Stirling tilts her head. “I never actually asked. I guess why doesn’t really matter. What’s important is that she’s the best, and if we want a powerful magician as a backup, power supply or basically anything we’re not qualified for, then she’s it.”

“I guess you better put your most charming smile on and buy some flowers or whatever you do to win a girl’s heart back,” The Poisoner says.

“Flowers?” I snort. “You can tell you don’t date very often.” I cross my legs to sit with her, and Stirling follows suit.

“Says the woman who steals pretty girls’ journals?” The Poisoner bites back.

Stirling rubs her forehead, glancing at me and Quinn. “Are we going to be able to get through this without all-out war between you two?”

The pair of us glare at Stirling.

“I’m serious. We need some agreements. No fucking, no fighting. Fucking leads to fighting, fighting leads to fucking, and we don’t have time for either.” Stirling stares at us both, but neither of us responds.

“So we have a Collector. Who’s next?” The Poisoner says.

Stirling lets out a grunt of irritation.

“That leaves a transport and supplies guy,” I say and turn to Stirling. “You thinking who I’m thinking?”

She nods. “I know this guy, Jacob Jones.”

“And then you said a security and runes specialist?” Quinn asks.

“I’m guessing from the schematics the Queen gave us that the palaces are heavily guarded and, unless the Border Lord has a rune specialist in there, the security systems will be a decade old. Then again, we have no idea what upgrades he may have put in place now.”

“I might,” Quinn says. “Or at least I’ll be able to find out.”

I scowl at her. “How?”

Quinn hesitates. Something flashes through her expression, but it’s gone before I can work out what it was. “My relative works for the Border Lord.”

Stirling can’t have noticed as she rubs her hands together. “Excellent. This is all coming together nicely. And as for the security and runes specialist, I know a girl.”

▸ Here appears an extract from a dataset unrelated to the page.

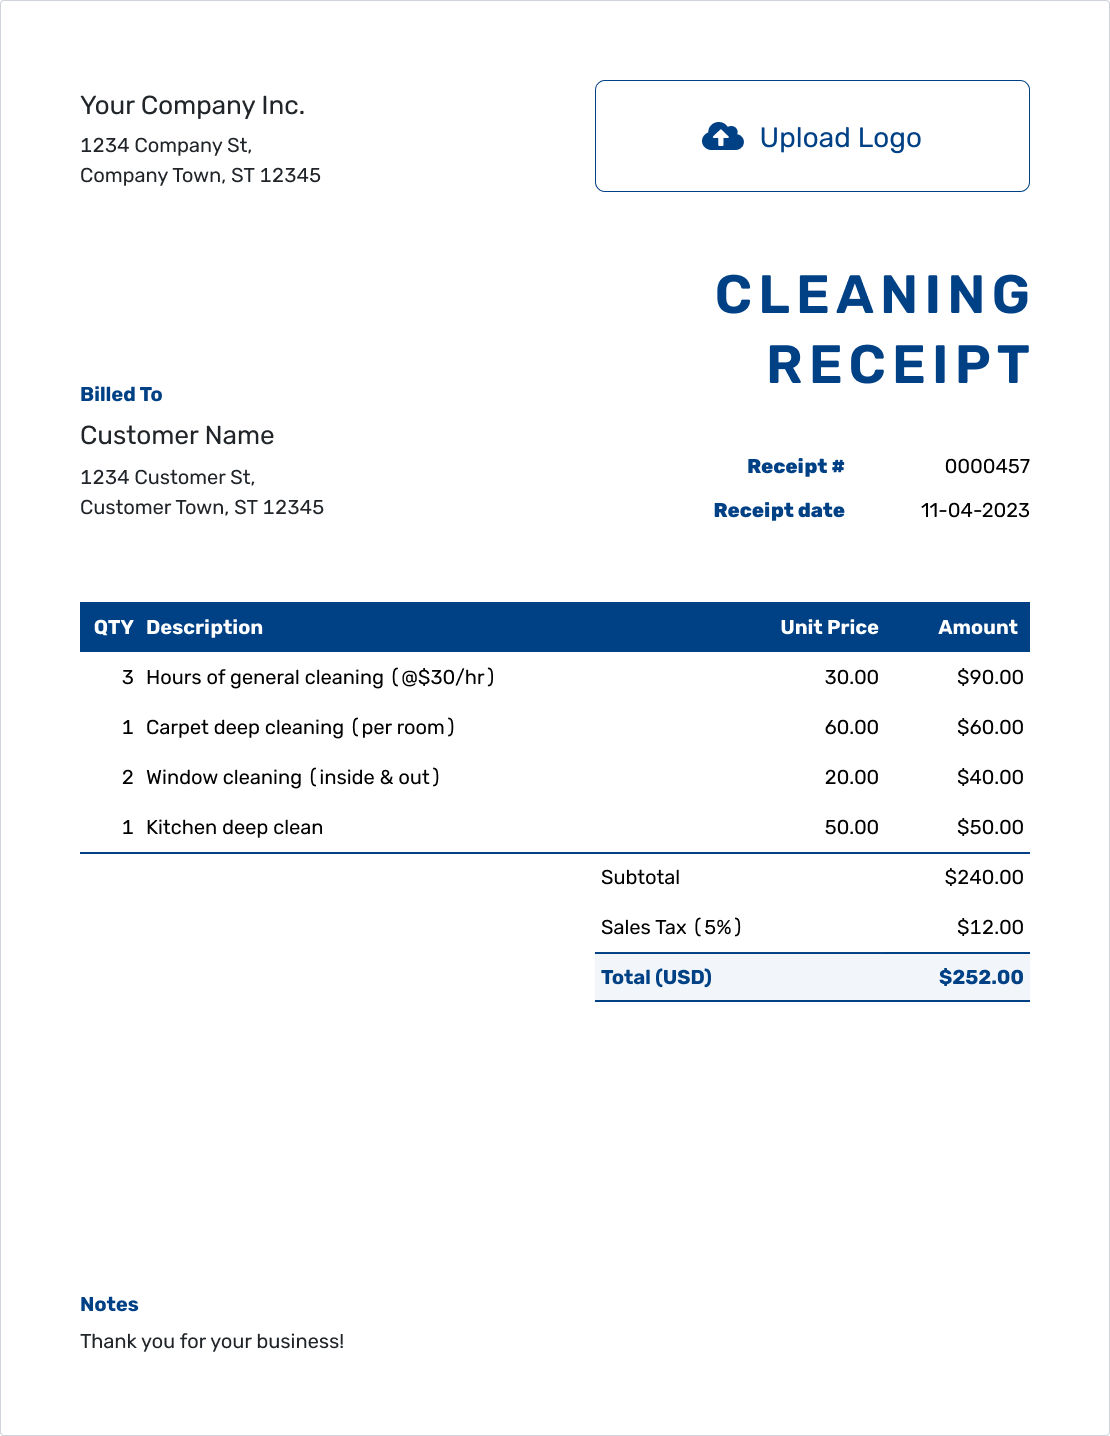 Sample Cleaning Receipt Template

“Of course you do,” I say.

She throws me a vicious side eye. “I mean… It is my literal job.”

I’m not even dignifying that with a response. “Who’s the girl?”

Quinn is shifting from foot to foot. Rubbing her hands together. What’s her problem?

“You don’t know her. But she’s good. Really, really fucking good. But she’s also constantly in demand, so it’s whether we can get her or not,” Stirling says.

“Okay then, we have a plan and the bones of a team. We’ll start recruiting tomorrow,” I say.

“The Rune specialist…” Quinn starts, and then shakes her head. “Never mind. It can’t be. I heard they weren’t in business anymore. Let’s meet mid-morning outside my shop? I have to open up for my assistant anyway,” Quinn says.

I scan her face, trying to work out what the issue is. I hold my hand out, and Quinn slides hers in to shake on it. Where her skin meets mine, I swear heat pulses into electricity. Stirling places her hand on top of our clasped ones, and we shake. And as we do, I catch that familiar unreadable expression flicker through The Poisoner’s face, and I wonder exactly what it is she’s hiding.